I don’t know that I will return to therapy weekly. However, having a session to discuss my new path was very comforting. So much has happened in my life in the past year. Those changes honestly have me a bit off-kilter. Change is a part of life, but so much in a short period can be stressful. That is where I am now. It’s also why I felt compelled to talk to my therapist again this past Thursday.
A part of my past 46 sessions of therapy involved me unraveling a lot of the things that were impeding my success in developing and cultivating strong, healthy romantic relationships. So we did a lot of work on that in the past. That work placed me in a position to open myself in a way that I had never done in past relationships.
When we closed out my last session, I was about to throw myself in the relationship/finding love pond for the first time in a long time. I hadn’t been in a relationship in a long time. That was primarily due to people annoying me and my unwillingness to deal with personalities. However, after going to therapy and really digging into some of these issues, I discovered it was much deeper than that.
Fast forward, a few weeks after my last session, I met someone. They were a part of the conversation in therapy upon my return to a new session. I voiced some challenges I was having, and my therapist offered some food for thought.

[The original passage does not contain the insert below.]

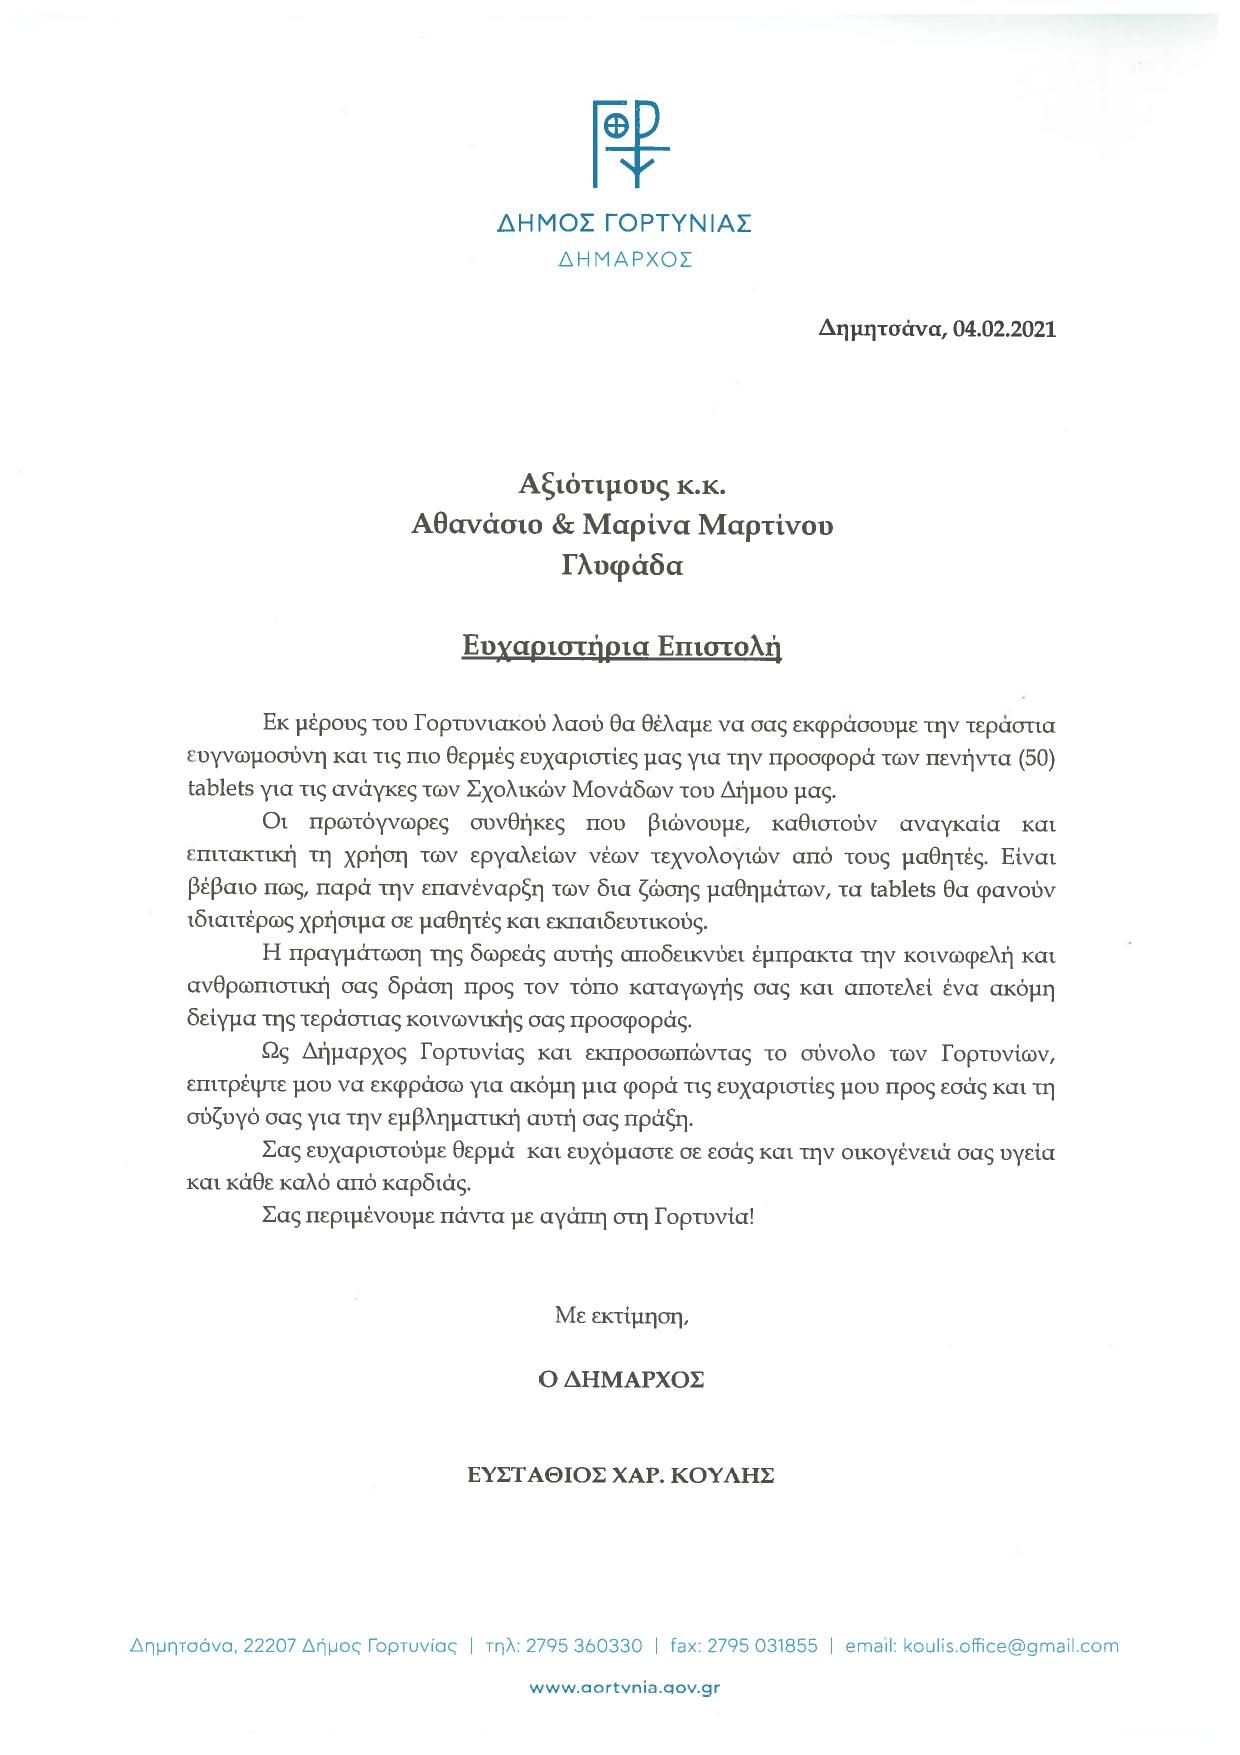 MARTINOSEPISTOLH2021

Overall, the session was great, and It was wonderful talking to her once more. I know you’re probably asking yourself, WHY go back to therapy? Well, life can come at your fast, and you have to deal. Guess what I don’t have all the answers. No one has all the answers. Guess what again? That’s OK because we don’t have to have all the answers. Sometimes we need outside help to give us the tools to find the right path. Guess what? That is perfectly OK.

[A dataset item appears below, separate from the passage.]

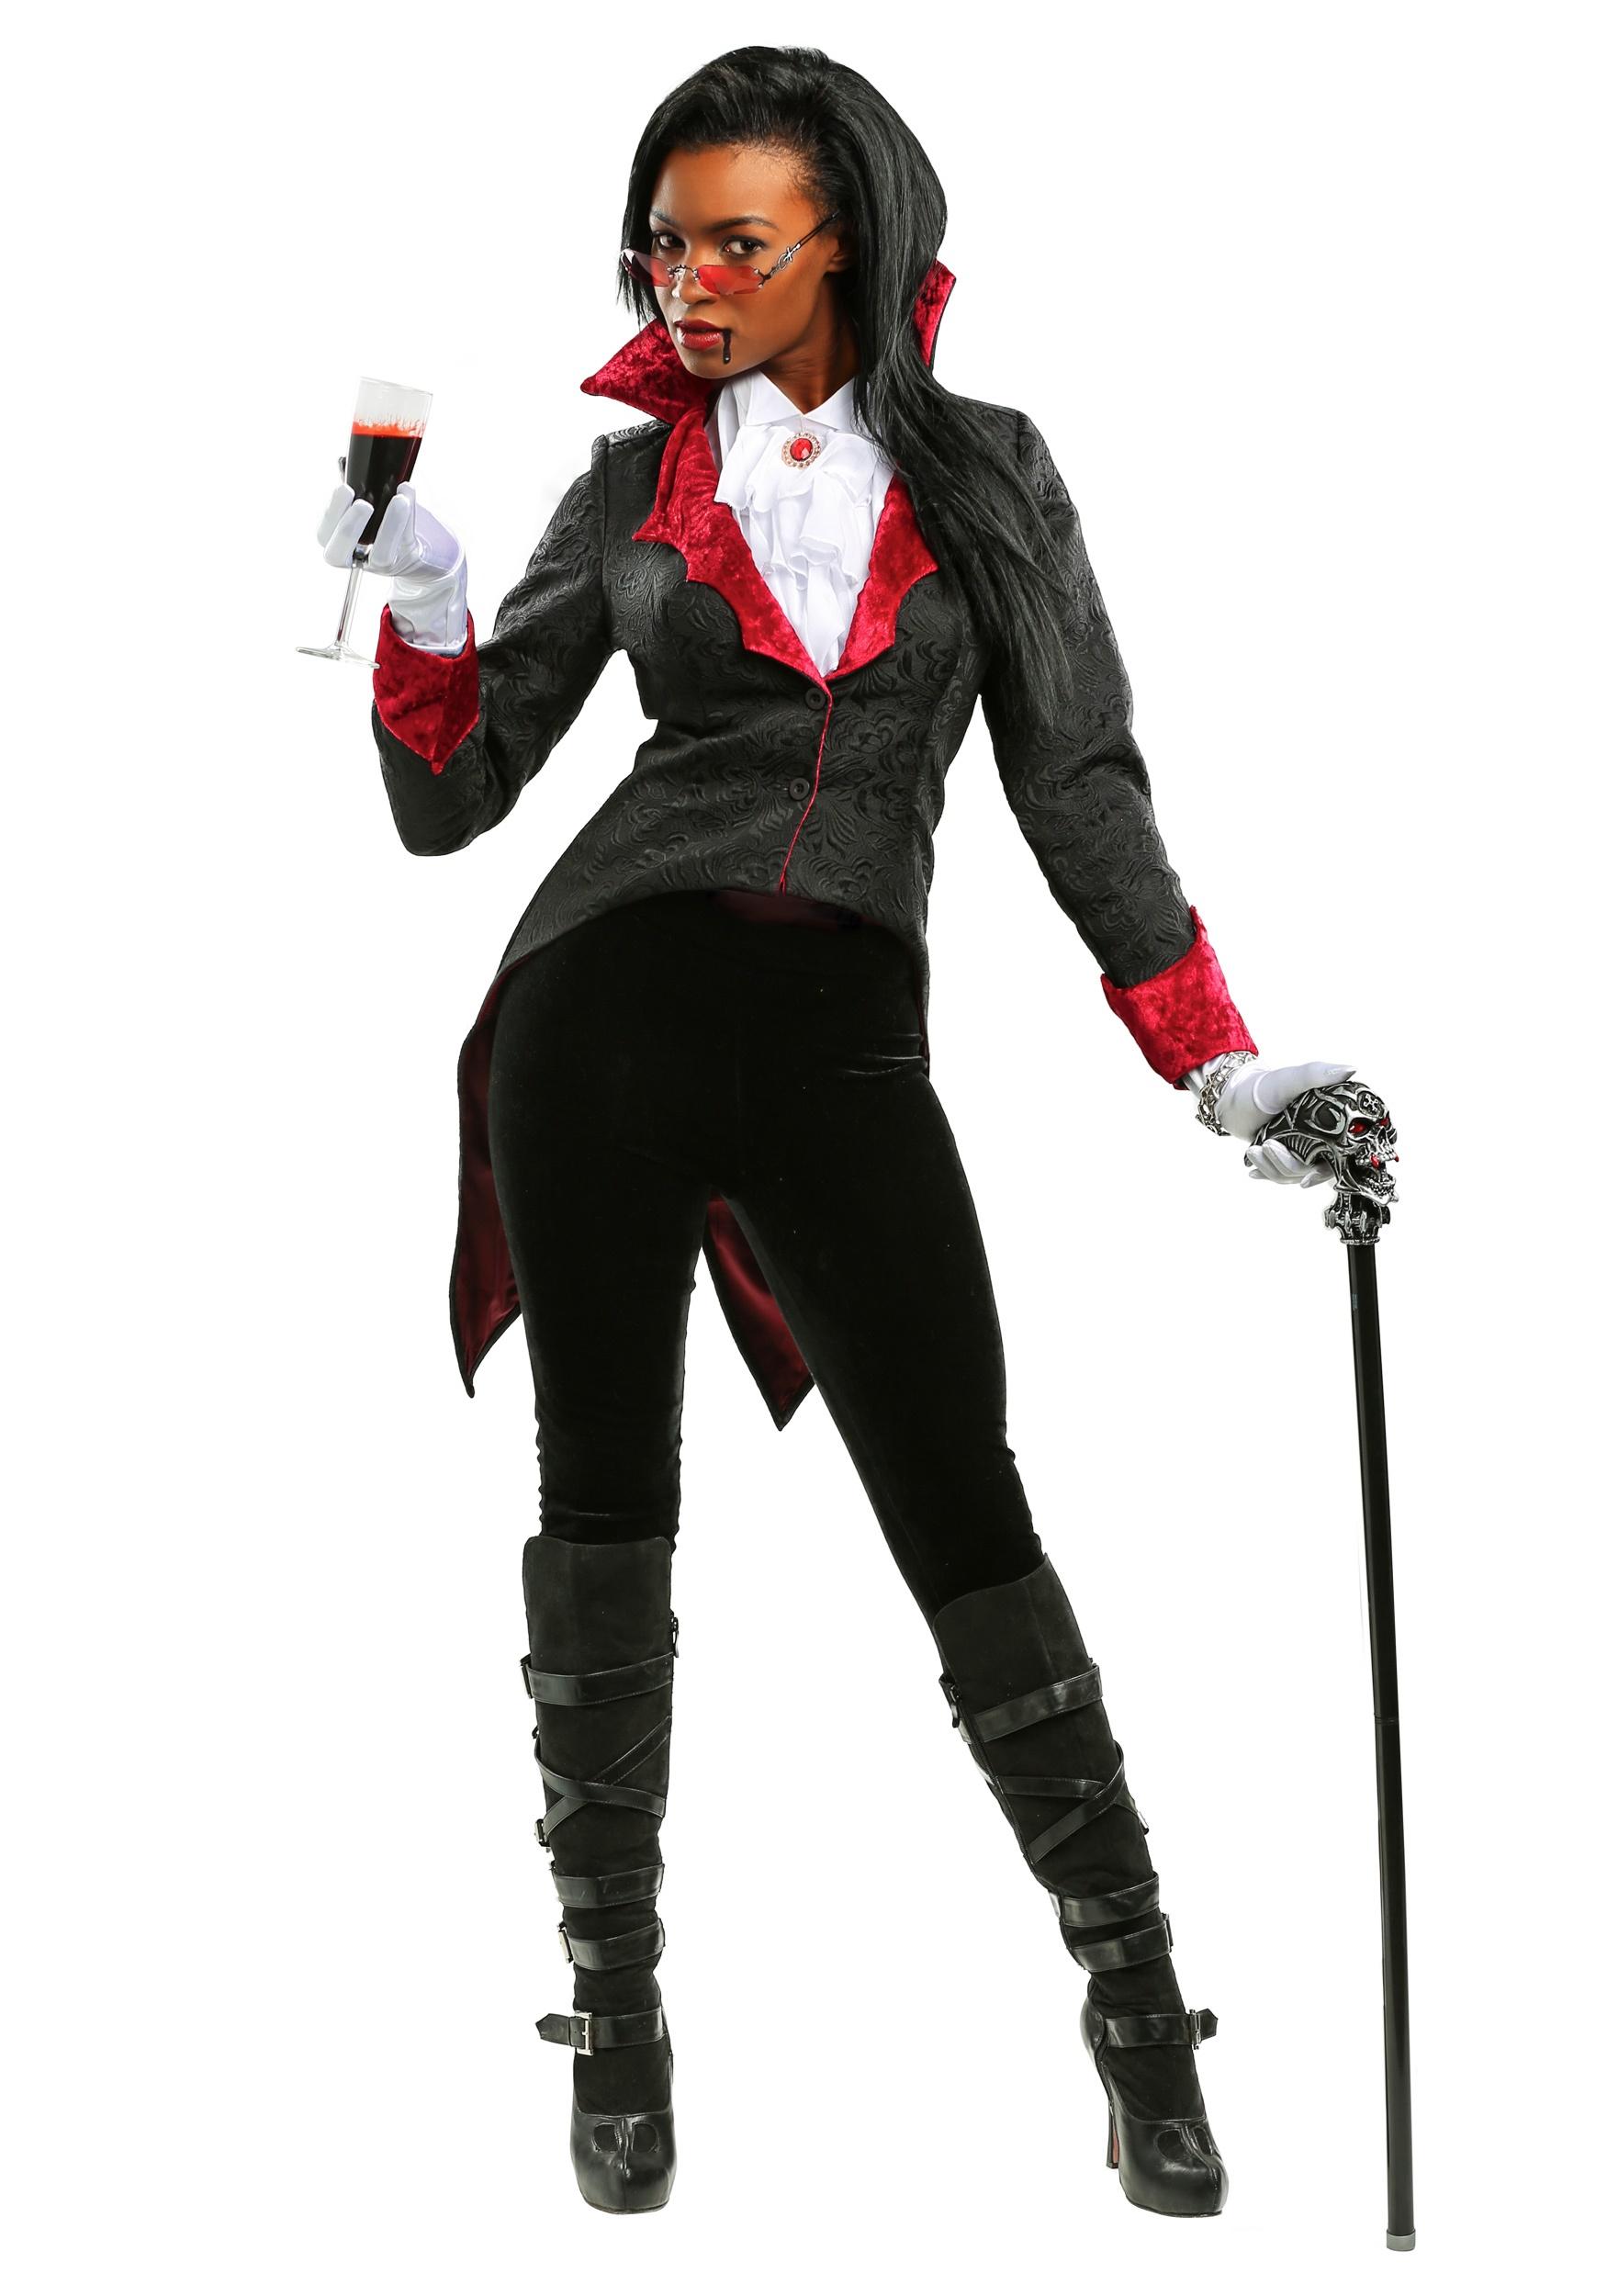 f351a4b231 Women's Dashing Vampiress Costume

I look at therapy similarly as I would look at any professional care. I recently got some dental work done. I hate the dentist. However, having a healthy mouth is very important. BECAUSE not having that is unhealthy and kinda gross. So, would I fill my own teeth or perform a root canal in myself? Of course not. Similarly, If I were having a challenge in an area that a therapist would help with, why THEN would I think myself capable of handling issues that therapists are best left to assist me with professionally? I am simply NOT capable. That’s why I speak to a therapist. I schedule sessions instead of trying to tackle things that fall outside of my scope of knowledge.
Let’s normalize talking to therapists, just as it’s common to go to professionals when we need medical or dental care. It’s not only OK to speak to a therapist, but it’s the healthiest thing you can do for yourself.